GIVEN MATERIAL:
_ _ _

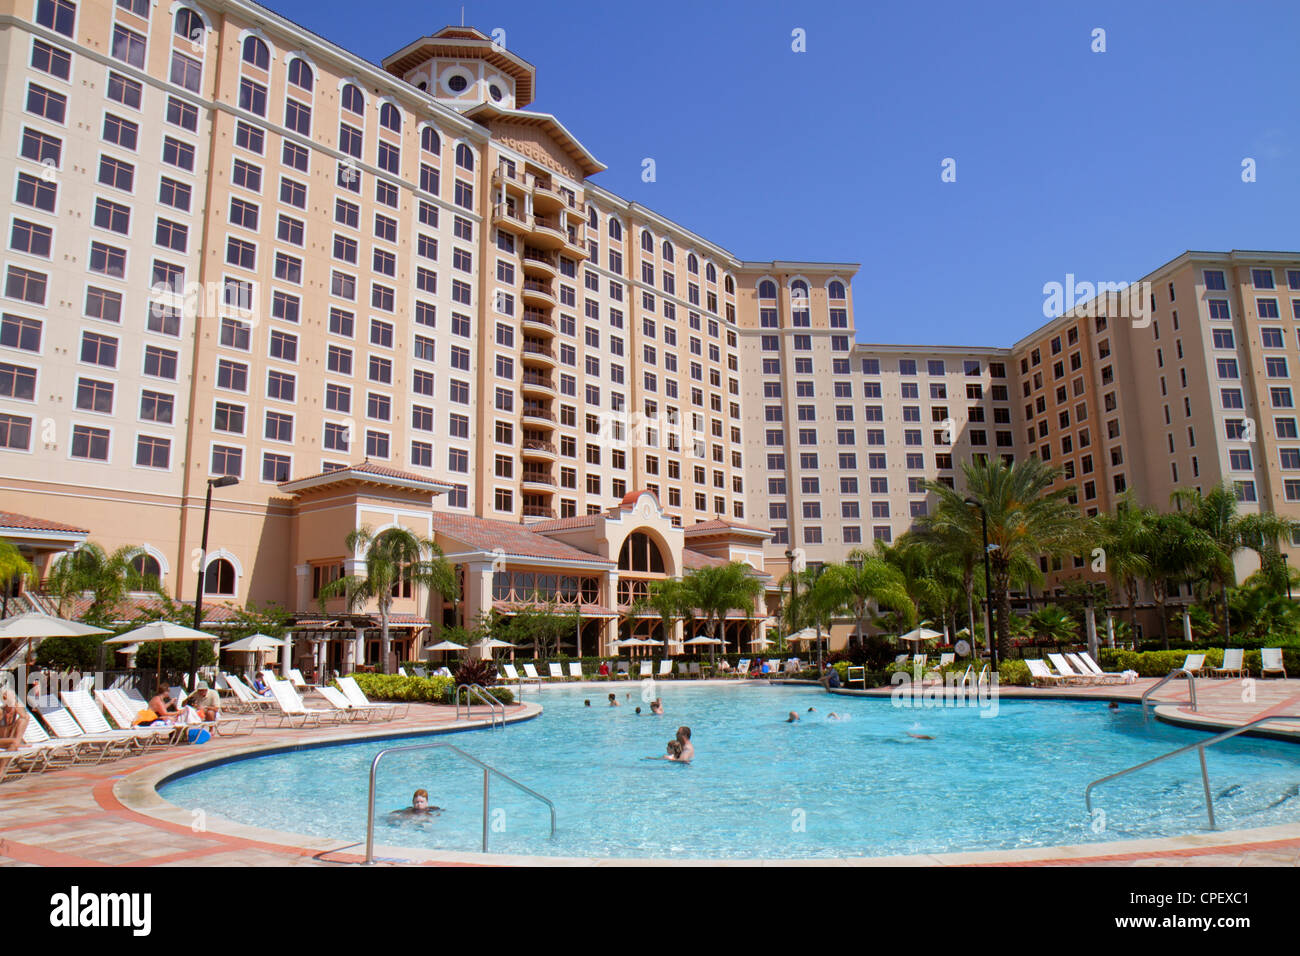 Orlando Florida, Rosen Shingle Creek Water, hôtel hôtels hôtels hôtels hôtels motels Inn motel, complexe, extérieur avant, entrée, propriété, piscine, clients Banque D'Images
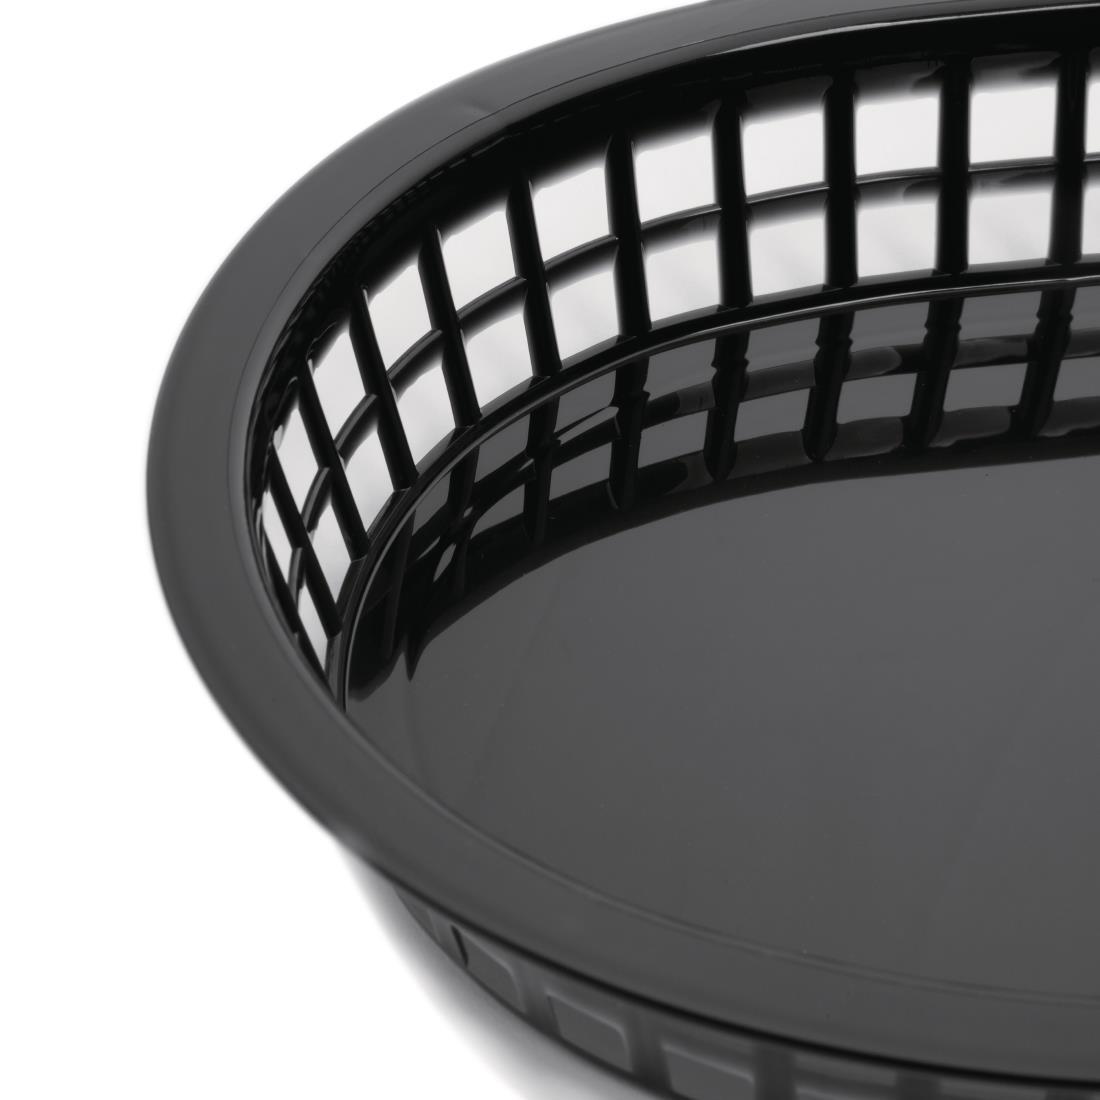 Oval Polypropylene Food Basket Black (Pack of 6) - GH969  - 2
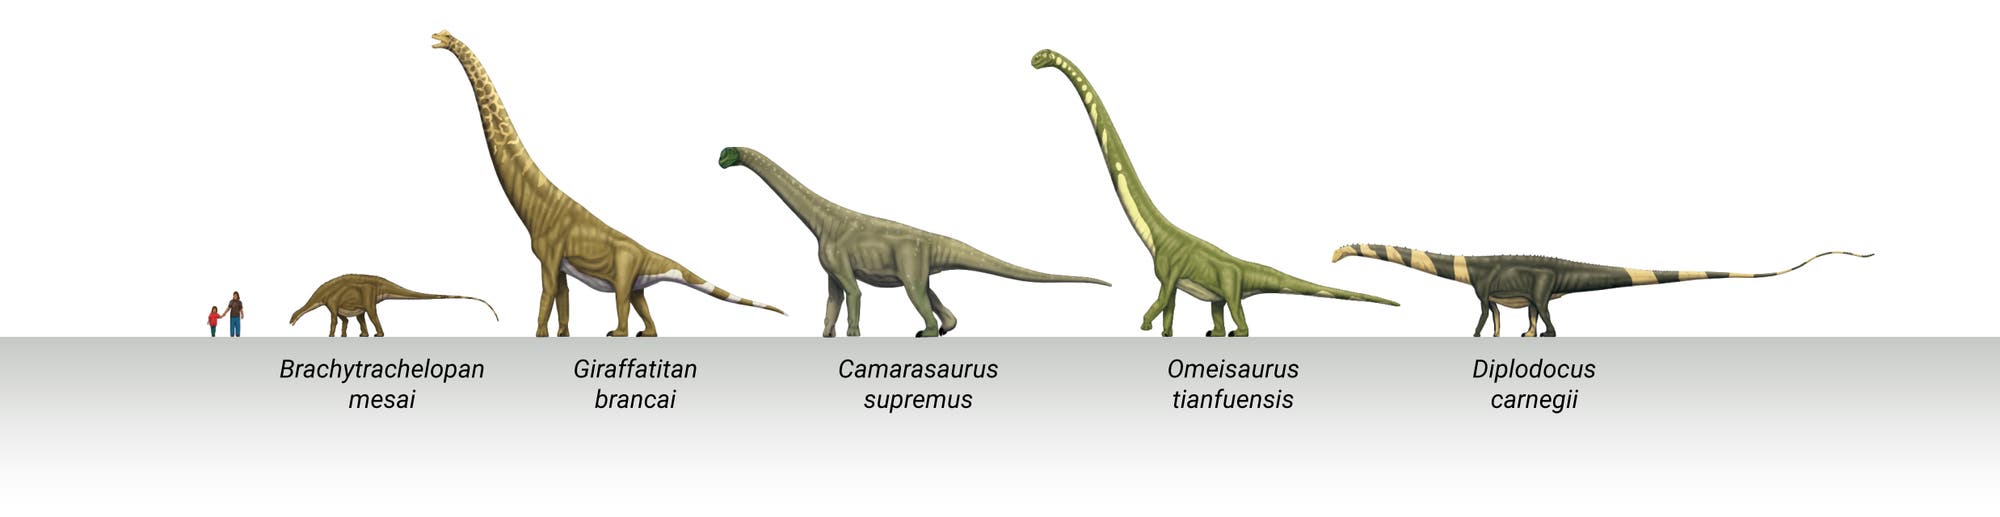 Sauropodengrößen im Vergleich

_ _ _

WHAT YOU HAVE TO DO: Only the lines from the one with "Oval Polypropylene Food" through the end of the listing should be transcribed, exactly and without pictures.

OUTPUT OF THE EXERCISE:
 Oval Polypropylene Food Basket Black (Pack of 6) - GH969  - 2
 Sauropodengrößen im Vergleich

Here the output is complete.